Solved: Re: 254 snapshot limit on volume

IGORSTOJNOV · ‎2016-01-11

Hiya!

One of the volumes on our 7-Mode 8.1.4 systems has hit a 254 snapshot limit... It holds the underlying LUN for one of the vSphere datastores (APP01), whose purpose is to host virtual disks for a lot of virtual machines. These machines also have disks on other datastores as well so when VSC is creating snapshots for either one of these other datstores, it triggers a snapshot for APP01 datastore also. And the snapshot retention we have in place made the volume reach it's snapshot limit a few days ago.

node1> snap autodelete app01
snapshot autodelete settings for app01:
state                           : on
commitment                      : try
trigger                         : volume
target_free_space               : 20%
delete_order                    : oldest_first
defer_delete                    : user_created
prefix                          : (not specified)
destroy_list                    : none

As you can see above, snap autodelete is enabled - but as far as I can see, there's no trigger for snapshout count.

Only for volume, snap_reserve or space_reserve utilization. And neither of those is the case here...

Is there a way to automate deletion of oldest snapshots once snapshot count reaches maximum value?

Regards,

Igor

mbeattie · ‎2016-01-11

Hi,

Here is an "example" script for you. The code to delete the snapshots is commented out so it will simply state what it "would" do if you remove the mulit line comments "<# #>" around the do loop.

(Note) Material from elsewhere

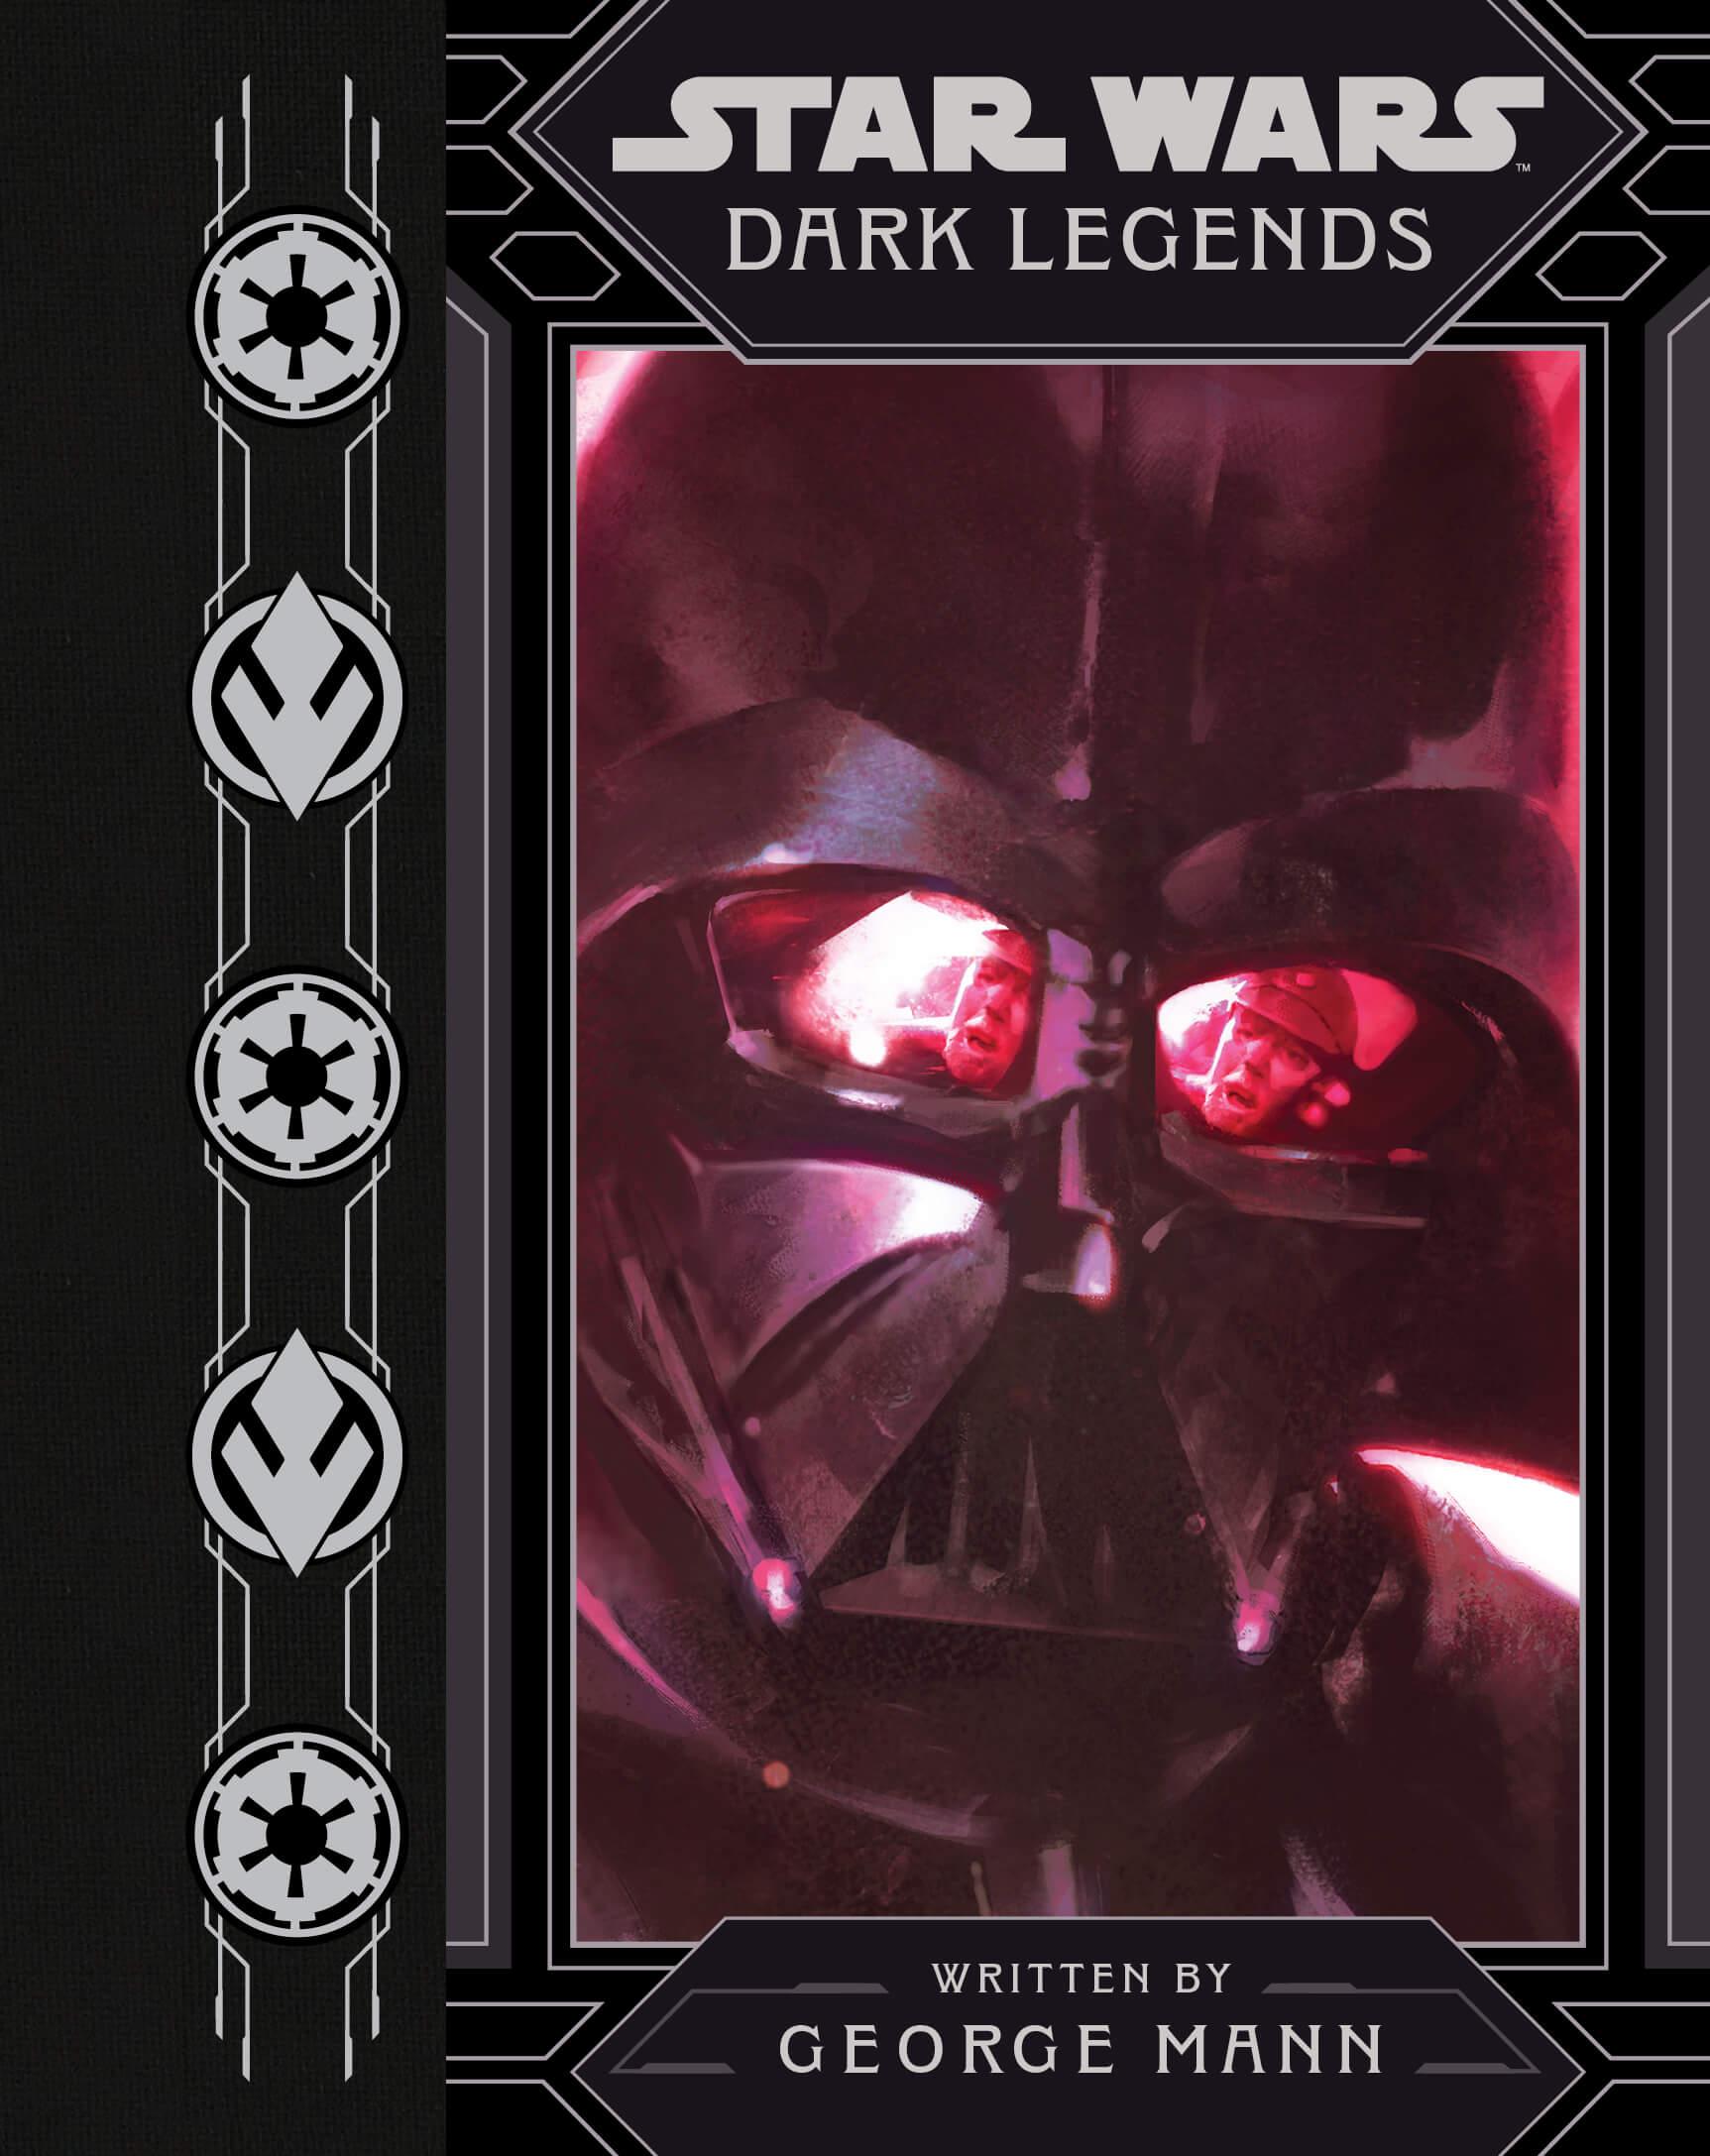 Star Wars: Dark Legends

As an example i have used hourly snapshots. EG

TESTNS01> vfiler run testnv01 snap list volume_01

===== testnv01
Volume volume_01
working...

%/used       %/total date          name
---------- ---------- ------------ --------
29% (29%)    0% ( 0%) Jan 12 20:00 hourly.0
47% (32%)    0% ( 0%) Jan 12 16:00 hourly.1
57% (32%)    0% ( 0%) Jan 12 12:00 hourly.2
64% (32%)    0% ( 0%) Jan 12 08:00 hourly.3
70% (32%)    0% ( 0%) Jan 12 00:00 nightly.0
74% (36%)    0% ( 0%) Jan 11 20:00 hourly.4
77% (32%)    0% ( 0%) Jan 11 16:00 hourly.5
79% (32%)    0% ( 0%) Jan 11 00:00 nightly.1

If you wanted to automate the deletion of hourly snapshots greater than a threshold (i've used 4) to retain hourly.0-3 then the following script will do that. I'd imagine your configuration is somewhat similar with a differenent snapshot naming standard for you 254 snapshots (you might want to consider setting the snapshot threshold variable to a lower value, eg 250 to ensure manual snapshots can be taken if required).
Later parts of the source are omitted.